Bagikan:

SURABAYA - Pilpres langsung masih menghasilkan pembelahan (polarisasi) masyarakat dan aksi saling hujat serta caci maki antar pendukung pasangan calon peserta Pilpres. Bagi Ketua DPD AA LaNyalla Mahmud Mattalitti, Pilpres secara langsung tidak cocok diterapkan di Indonesia.

"Kita sudah punya sistem asli, pemilihan mandataris MPR melalui wakil yang utuh, alias penjelmaan rakyat, sehingga yang bermusyawarah itu seharusnya para hikmat. Tapi karena praktek penyimpangan yang terjadi di era Orde Baru, sistem rumusan pendiri bangsa itu kita buang, dan kita ganti dengan sistem barat yang individualis dan liberal, akibatnya kita menjadi bangsa lain, bangsa yang tercerabut dari akarnya,” urai LaNyalla di Surabaya, Selasa 21 November.

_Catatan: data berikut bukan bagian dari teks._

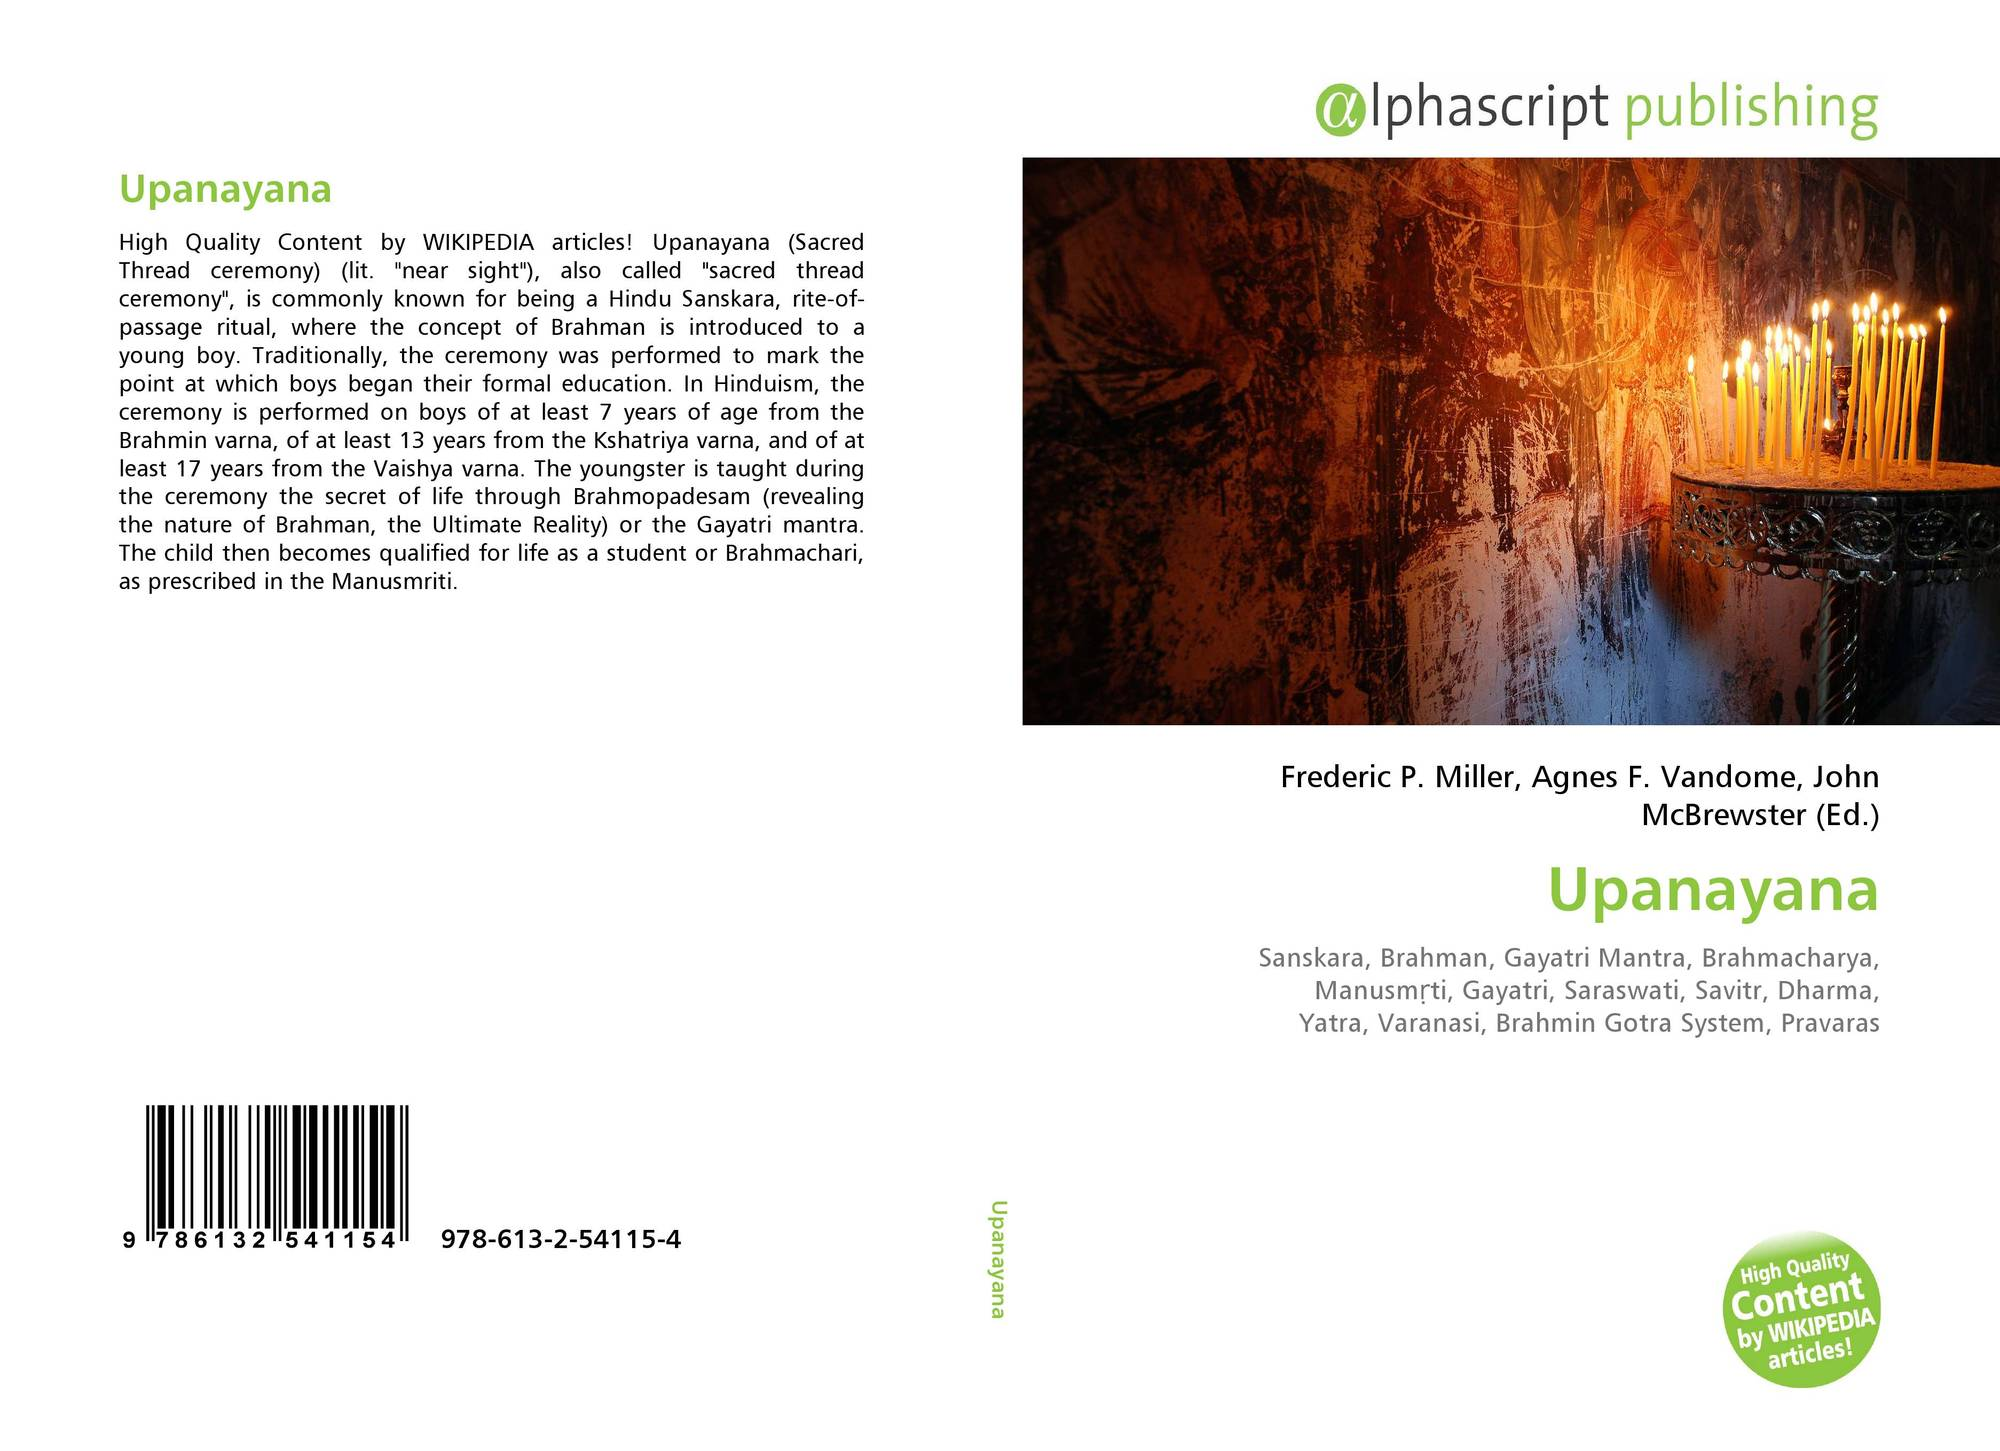 Upanayana, 978-613-2-54115-4, 6132541152 ,9786132541154

Dikatakan LaNyalla, seharusnya saat Reformasi, yang dibenahi adalah penyimpangan di era Orde Baru. Bukan malah mengganti sistem bernegara dengan mengadopsi sistem liberal.

“Makanya dalam beberapa kesempatan, saya selalu sampaikan bahwa polarisasi bangsa yang terjadi akibat Pilpressung harus kita akhiri. Polarisasi di masyarakat sangat tidak produktif dan menurunkan kualitas kita sebagai bangsa yang beradab dan beretika,” papar dia dalam keterangannya.

LaNyalla menggambarkan bagaimana antar kelompok di masyarakat melakukan aksi reaksi atas output pesan masing-masing baik dalam bentuk kalimat verbal, maupun simbol dan aksi. Ditambah pola komunikasi elit politik yang kerap menimbulkan kegaduhan. Sehingga semakin lengkap pembelahan yang terjadi.

“Kita sempat menyaksikan sweeping bendera, kaos, forum diskusi, pembubaran atau pelarangan forum pertemuan dan lain sebagainya. Sampai hari ini, masih saja terjadi olok-olok antar kelompok, dengan sebutan-sebutan yang jelek. Padahal sudah sangat jelas, olok-olok dengan sebutan yang jelek, dilarang Al-Quran,” tegasnya.

LaNyalla juga menyatakan, pemilihan presiden secara langsung telah melahirkan politik kosmetik dan merusak kohesi bangsa. Karena terjadi mobilisasi di masyarakat oleh elit-elit politik. Ditambah dengan pembenaran-pembenaran atas mobilisasi tersebut. Sementara di satu sisi, ada kritik dan protes atas mobilisasi tersebut. Sehingga akan terus terjadi saling hujat.

"Pemilihan presiden secara langsung yang kita adopsi begitu saja, telah terbukti melahirkan politik kosmetik yang mahal harganya. Apalagi batu uji yang digunakan untuk mencari pemimpin lewat pemilihan langsung adalah popularitas yang bisa difabrikasi melalui media komunikasi,” imbuhnya.

LaNyalla juga mengatakan elektabilitas yang dimiliki para kandidat juga dapat digiring melalui angka-angka survei, lalu disebarluaskan oleh para buzzer di media sosial dengan narasi-narasi saling hujat atau sebaliknya puja-puji buta. Dan pada akhirnya, rakyat pemilih disodori oleh realita yang dibentuk sedemikian rupa.

LaNyalla menilai sudah saatnya Pilpres Langsung dievaluasi. Sebab, selain menimbulkan banyak gejolak di tengah-tengah masyarakat, faktanya Pilpres Langsung bertentangan dengan mekanisme pengambilan keputusan yang tertuang dalam Sila Keempat Pancasila.

"Sila Keempat Pancasila mengajarkan kepada kita bahwa demokrasi kerakyatan kita melalui perwakilan para hikmat, yang berada dalam satu wadah yang utuh, di lembaga tertinggi negara,” tukasnya.